14(8) No appeal or second appeal shall lie against an order for the recovery of possession of any premises made in accordance with procedure specified in this section:
Provided that on an application being made within sixty days of the date of the order of eviction the High Court may for the purpose of satisfying itself that an order under the section is according to law, call for the records of the case and pass such order in respect thereto as it thinks fit.
(9) Where no application has been made to the High Court in revision as laid down in sub-section (8) above, the Court, which passed the order for eviction may exercise the powers of review in accordance with the provision of Order XLVII of the First Schedule to the Code of Civil Procedure, 1908 (V of 1908):
Provided that no such review shall be made unless an application is filed for the same within ninety days of the date of order of eviction."
33. It is evident from the provision as contained under Section 14 of the Act, 1982 that every suit by a landlord for the recovery of possession of any premises on the ground specified in clause (c) or (e) of sub-section (1) of section 11 shall be dealt with in accordance with the procedure specified in this section.
Sub-section (8) thereof provides that no appeal or second appeal shall lie against an order for the recovery of possession of any premises made in accordance with procedure specified in this section. Provided that on an application being made within sixty days of the date of the order of eviction the High Court may for the purpose of satisfying itself that an order under the section is according to law, call for the records of the case and pass such order in respect thereto as it thinks fit.
Sub-Section (9) thereof provides that where no application has been made to the High Court in revision as laid down in sub-section (8) above, the Court, which passed the order for eviction may exercise the powers of review in accordance with the provision of Order XLVII of the First Schedule to the Code of Civil Procedure, 1908. Provided that no such review shall be made unless an application is filed for the same within ninety days of the date of order of eviction.
34. It is, thus, evident that Section 14 is a provision which has specially been carved out to look into the eviction issues if filed on the ground of bona fide necessity or the period of lease having been expired.
35. So far as the other provisions which are under Section 11(1)(a),(b),(d),(f) are concerned, the same is to be dealt with by the 15 general provision of CPC, i.e., against the order passed on that ground the first appeal/second appeal will lie, as per the provision of the Code of Civil Procedure.
36. Section 15 is also required to be referred herein, which stipulates a provision of deposit of rent by tenants in suits for ejectment.
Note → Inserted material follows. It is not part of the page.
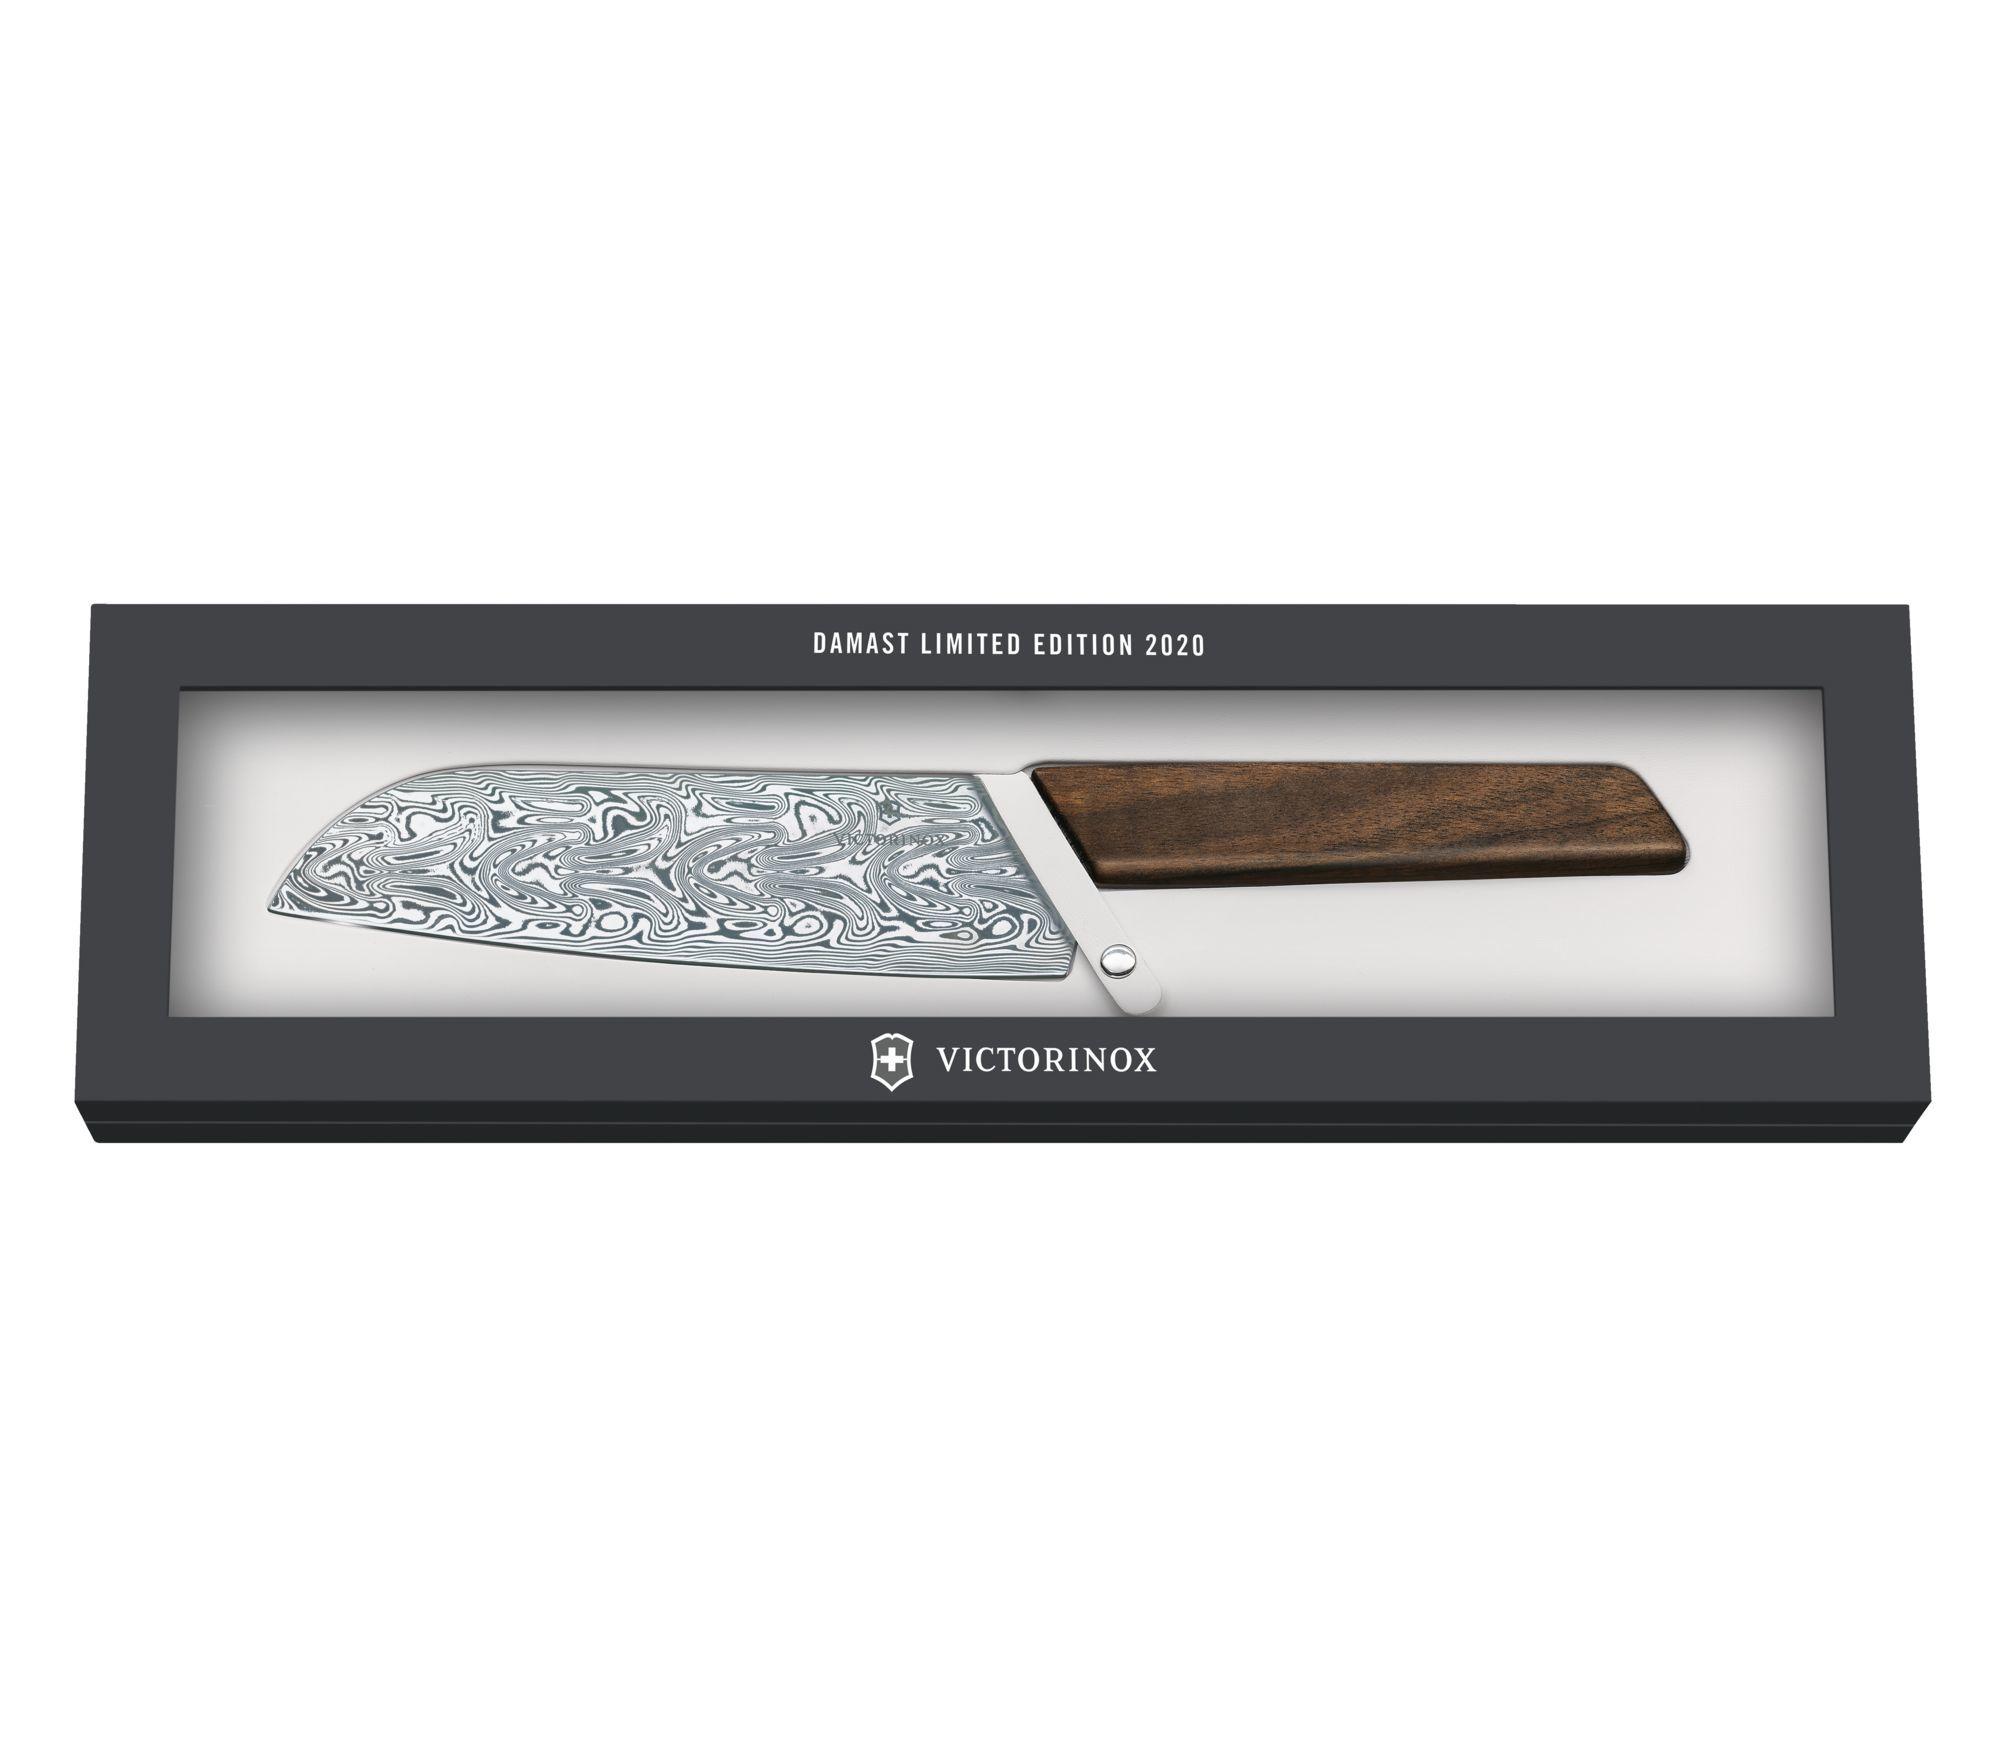 Кухонный коллекционный нож Victorinox Swiss Modern Santoku Damast Limited Edition 2020 (6.9050.17J20) дамасская сталь, лимитированное издание - Wenger-Victorinox.Ru

The same reads as under:
"15. Deposit of rent by tenants in suits for ejectment. - (1) If, in a suit for recovery of possession of any building the tenant contests the suit as regards claim for ejectment, landlord may move an application at any stage of the suit for order on the tenant to deposit rent month by month at a rate at which it was last paid and also subject to the law of limitation, the arrears of rent, if any, and the Court after giving opportunity to the parties to be heard, may make any order for deposit of rent month by month at such rate as may be determined and the arrears of rent, both before [or]after the institution of the suit, if any, and on failure of the tenant to deposit the arrears of rent within fifteen days of the date of order or the rent at such rate for any month by the fifteenth day of the next following month; the Court shall order the defence against ejectment to be struck off and the tenant to be placed in the same position as if he had not defended the claim to ejectment and further the Court shall not allow the tenant to cross- examine the landlord's witnesses.
(2) If in any proceeding referred to in sub-section(1) there is any dispute as to the person or persons to whom the rent is payable the Court may direct the tenant to deposit in Court the amount payable by him under sub-section (1) and in such case no person shall be entitled to withdraw the amount in deposit until the Court decides the dispute and makes an order for payment of the same.
(3) If the Court is satisfied that any dispute referred to in sub-section (2) has been raised by a tenant for reasons which are false or frivolous the Court may order the defence against the eviction to be struck off and proceed with the hearing of the suit as laid down in sub-section(l)."
37. It is evident from the aforesaid provision that if, in a suit for recovery of possession of any building the tenant contests the suit as regards claim for ejectment, landlord may move an application at any stage of the suit for order on the tenant to deposit rent month by month at a rate at which it was last paid and also subject to the law of limitation, the arrears of rent, if any, and the Court after giving opportunity to the parties to be heard, may make any order for deposit of rent month by month at such rate as may be determined and the arrears of rent, both before [or] after the institution of the suit, if any, and on failure of the tenant to deposit the arrears of rent within fifteen days of the date of order or the rent at such rate for any month by the fifteenth day of the next following month; the Court shall order the defence against ejectment to be struck off and the tenant to be placed in the same position as if he had not 16 defended the claim to ejectment and further the Court shall not allow the tenant to cross-examine the landlord's witnesses.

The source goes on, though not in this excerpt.